LLM Compressor v0.12.0 Release Notes
This release upgrades to Transformers v5 with improved MoE support, streamlines the dataset interface, and adds multi-GPU acceleration for model-free PTQ. Major highlights include comprehensive Transformers v5 integration with refactored MoE linearization, a simplified dataset split API that removes legacy multi-stage logic, multi-GPU distribution for model-free PTQ workflows, and expanded model coverage with Nemotron Ultra FP8 examples.
This release contains changes to example scripts with backwards compatibility with previous examples and scripts. Please read Transformers v5 for more information.
Key Highlights ✨
- Transformers v5 Upgrade (#2647): Full integration with Transformers v5, including refactored MoE linearization with
load_contextfor efficient loading, updated model structure handling, and improved tied embeddings support. Maintains LM eval performance across the transition. Note: LLM Compressor no longer supports installation withtransformers<5.0.0. - Simplified Dataset Interface (#2551): Removed legacy multi-split logic, replacing
splits={"calibration": "train[:100]"}with cleanersplit="train[:100]"API. Legacy argument usage is deprecated and will be removed in a future release. - Multi-GPU Model-Free PTQ (#2773): Added support to distribute model-free PTQ jobs across multiple GPUs for significant parallelization and speedup for quantization workflows.

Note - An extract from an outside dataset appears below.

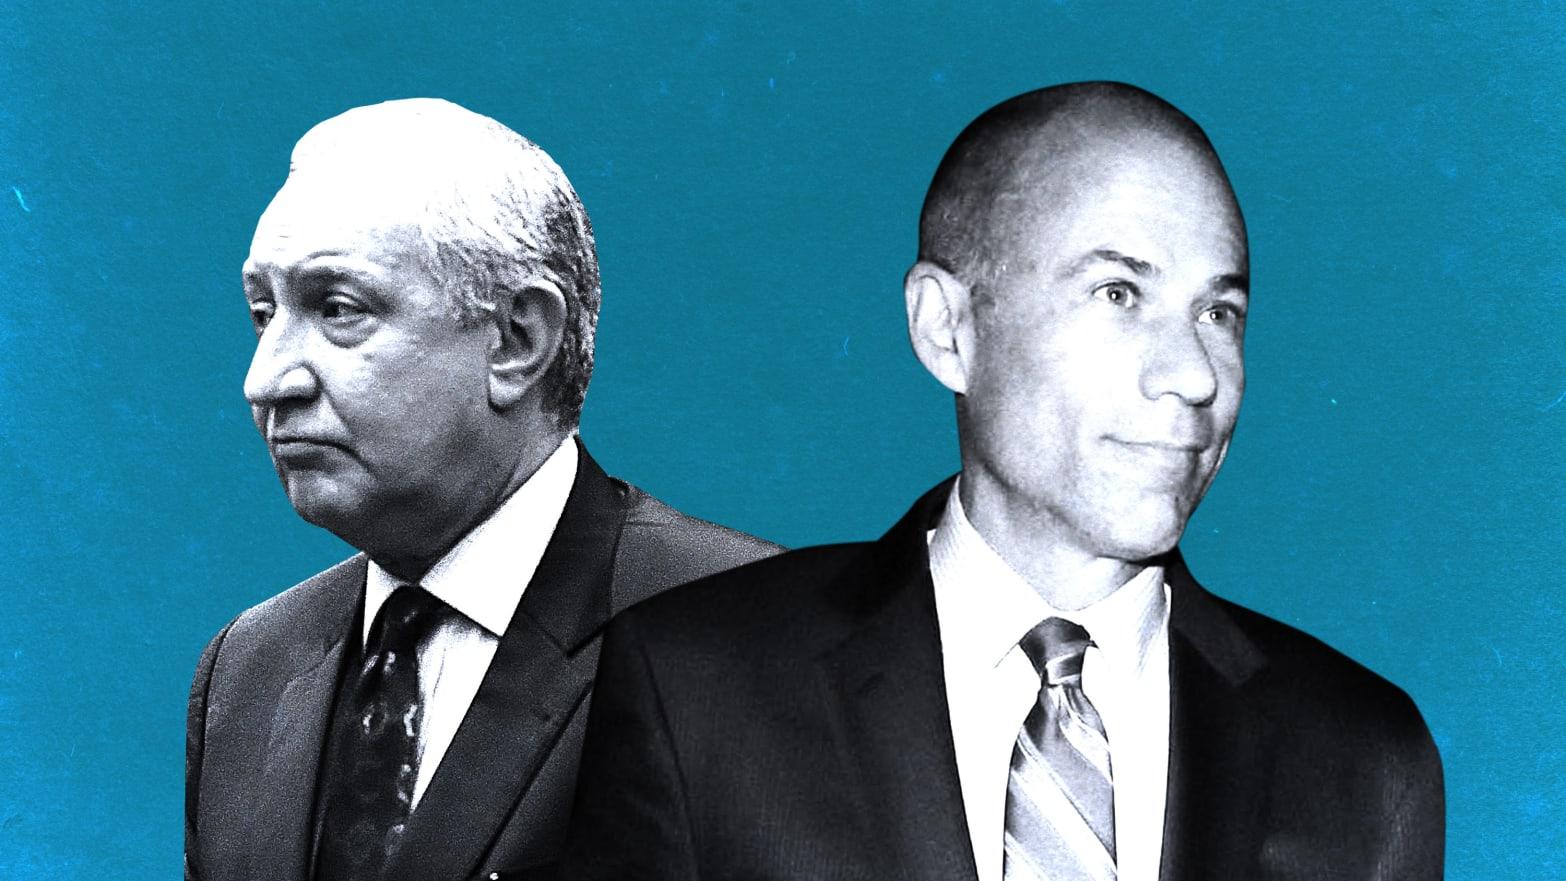 Mark Geragos, Michael Avenatti, and Their Many High-Profile Cases

- Nemotron Ultra Support (#2803): Added FP8 quantization example for Nemotron Ultra models in the model-free PTQ examples.
Transformers v5
Examples and Model Loading
-
Example regexes and recipes have been updated to reflect new model structures introduced by Transformers v5
-
Examples which utilize disk offloading or mixture-of-experts (MoE) calibration now load models with
load_contextprovided byllmcompressor.utils. This context is a catch-all context and should be used in all scripts for efficient model loading.
- from compressed_tensors.offload import load_offloaded_model
- from llmcompressor.modeling.moe.linearize import load_quantizable_moe
-
- with load_offloaded_model(), load_quantizable_moe():
- model = AutoModelForCausalLM.from_pretrained(model_id)
+ from llmcompressor.utils import load_context
+
+ with load_context():
+ model = AutoModelForCausalLM.from_pretrained(model_id)dtypenow defaults to"auto", so this explicit argument has been removed to reduce verbosity
- model = AutoModelForCausalLM.from_pretrained(model_id, dtype=”auto”)
+ model = AutoModelForCausalLM.from_pretrained(model_id)from_pretrainedno longer supportsuse_auth_token. This argument has been removed fromoneshot
Expanded and Refactored MoE Support
Applying quantization to Mixture-of-Experts (MoE) models requires explicit linearization and class overriding in order to efficiently calibrate experts. This logic has been implemented by LLM Compressor through two pathways:
llmcompressor.modeling.moe.linearize::linearize_moe which replaces experts modules with linearized and calibration-friendly classes AFTER weights have already been loaded
llmcompressor.modeling.moe.linearize::load_quantizable_moe which replaces experts modules with linearized and calibration-friendly classes BEFORE weights have been loaded. This context is more efficient and reduces runtime during model loading.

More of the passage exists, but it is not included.